Hollywood strives to keep its secrets

A private eye to the stars, jailed 10 years ago for Mafia-style activities, he could spill plenty of beans if he regains his freedom

Los Angeles

Be afraid. Anthony Pellicano, the ruthless private eye who worked for the biggest names in entertainment, could soon be free to walk the streets of the town that trusted him with its dirtiest secrets.

Tomorrow, in a federal court a short drive from Hollywood, lawyers will seek his immediate release from the prison cell where he has spent the past decade. The hearing should revolve around whether the 68-year-old Pellicano, who once admitted that a Louisville Slugger baseball bat was among the tools of his trade, still represents a potential danger to society.

It will be closely watched by dozens of A-list former clients, said to have included Chris Rock, Kevin Costner, Arnold Schwarzenegger and the former heads of at least two major film studios. Some will be hoping that prosecutors succeed in keeping him locked up for at least seven more years and, possibly, the rest of his life.

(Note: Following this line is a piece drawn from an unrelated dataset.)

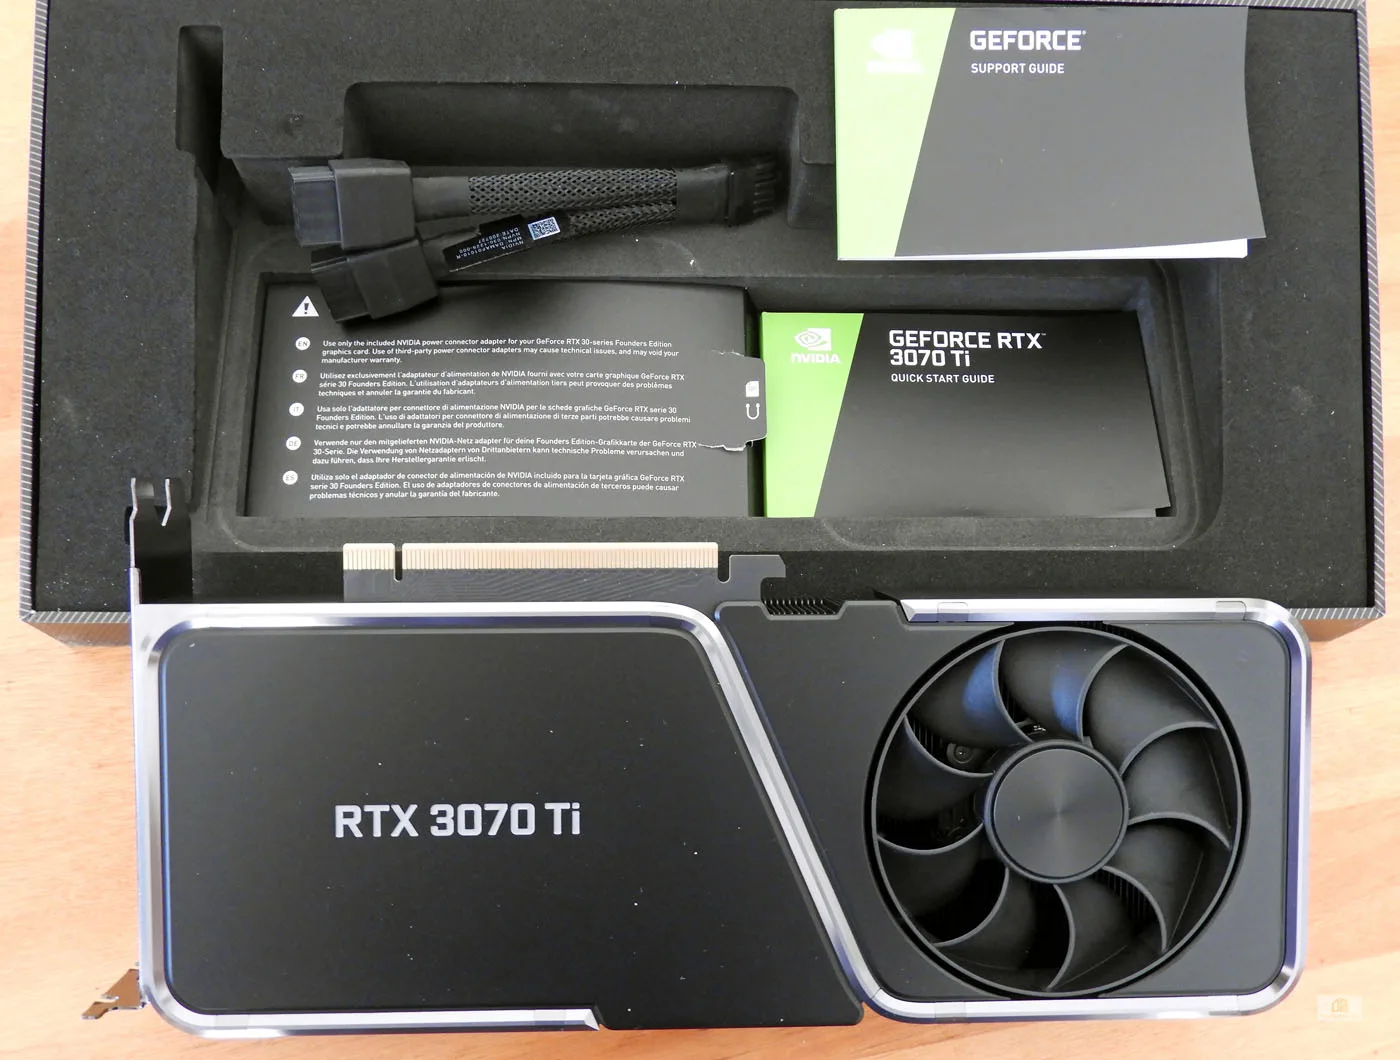 Nvidia GTX + RTX Assetto Corsa Competizione GPU benchmark – Simracing-PC

Pellicano's empire fell apart in late 2002, when the FBI found hundreds of hours of illegally recorded telephone conversations, along with hand grenades and enough plastic explosive to bring down a passenger jet. Since then, he has been behind bars almost constantly, and in 2008 was convicted of 78 separate crimes, largely related to racketeering and wire-tapping. The court sentenced him to 15 years, meaning that he wouldn't be free until 2019.

Steven Gruel, Pellicano's attorney, who filed an appeal against the conviction in 2010, will today argue that prosecutors have deliberately dragged their feet and that his client should therefore be freed until it's heard. "Why should this man remain languishing in prison when the government has already spent two years responding to his appeal?" said Mr Gruel.

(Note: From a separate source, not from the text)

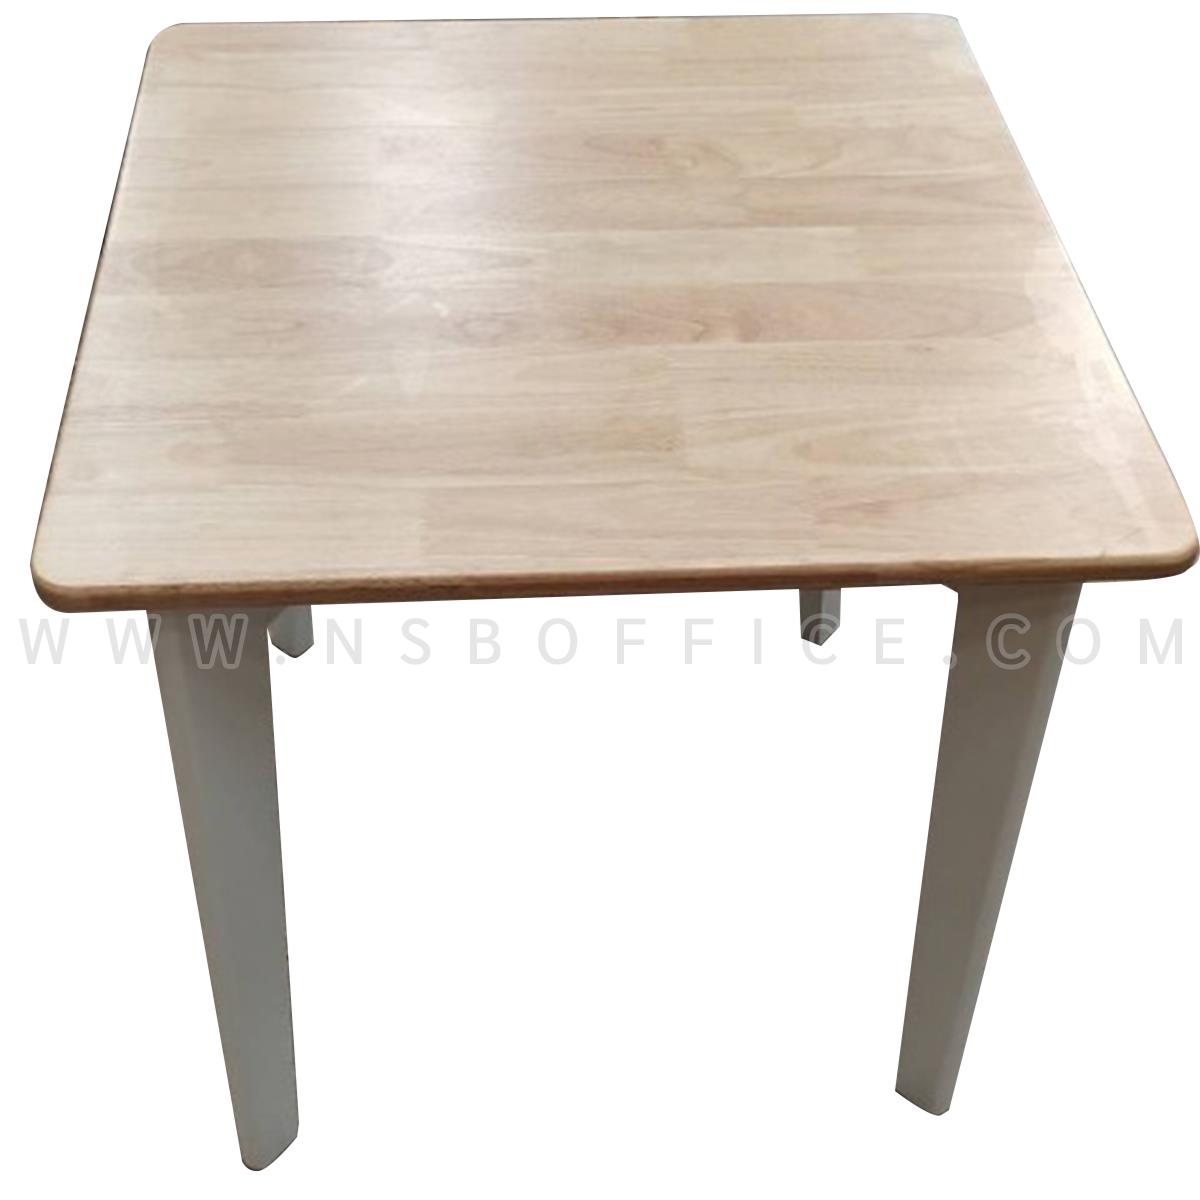 โต๊ะไม้ยางพารา รุ่น Mina (มินะ) ขนาด 70W*70D cm.

His appeal argument revolves around two recent Supreme Court decisions which, he says, redefined the legal definitions of "computer fraud" and "honest services". Those redefinitions "completely eviscerate the government's conviction" of Pellicano, he claims. Pellicano's bail request is opposed by prosecutors. They argue that he could end up selling his life story, getting even with the witnesses who helped convict him, or even going back into business as a crooked private eye.

"That's nonsense," Nr Gruel countered. "Mr Pellicano's investigative work took place more than 10 years ago, at the behest of clients. He no longer has his company. He no longer has clients. He has no desire or means to be out investigating people willy-nilly."

The imprisonment of Pellicano has been a relief for celebrity clients, because it has largely taken him out of circulation. However, last year he agreed to an interview behind bars with Newsweek which provided an insight into the seamier side of Hollywood. "If you saw the stuff I found in celebrity homes: cocaine, heroin, Ecstasy, vials of narcotics..." he said at one point. "There was a doctor shooting up celebrities with morphine for $350."

Although he refused to name names, citing the Mafia code of omertà, Pellicano did reveal that, in the early 1990s, he helped discredit an erotic wrestler who falsely claimed to have had a gay affair with Tom Cruise. Pellicano added that he'd also worked for Michael Jackson during his 1993 child-molestation case, but "I quit because I found out some truths … He did something far worse to young boys than molest them."

At least one former victim opposes his release. Anita Busch, a Los Angeles Times reporter who found a dead fish on her car when she was investigating alleged links between a colleague of Steven Segal and the Gambino Mafia family, told the Hollywood Reporter: "If you're dealing with a sociopath, which is what he is, you cannot predict his behaviour."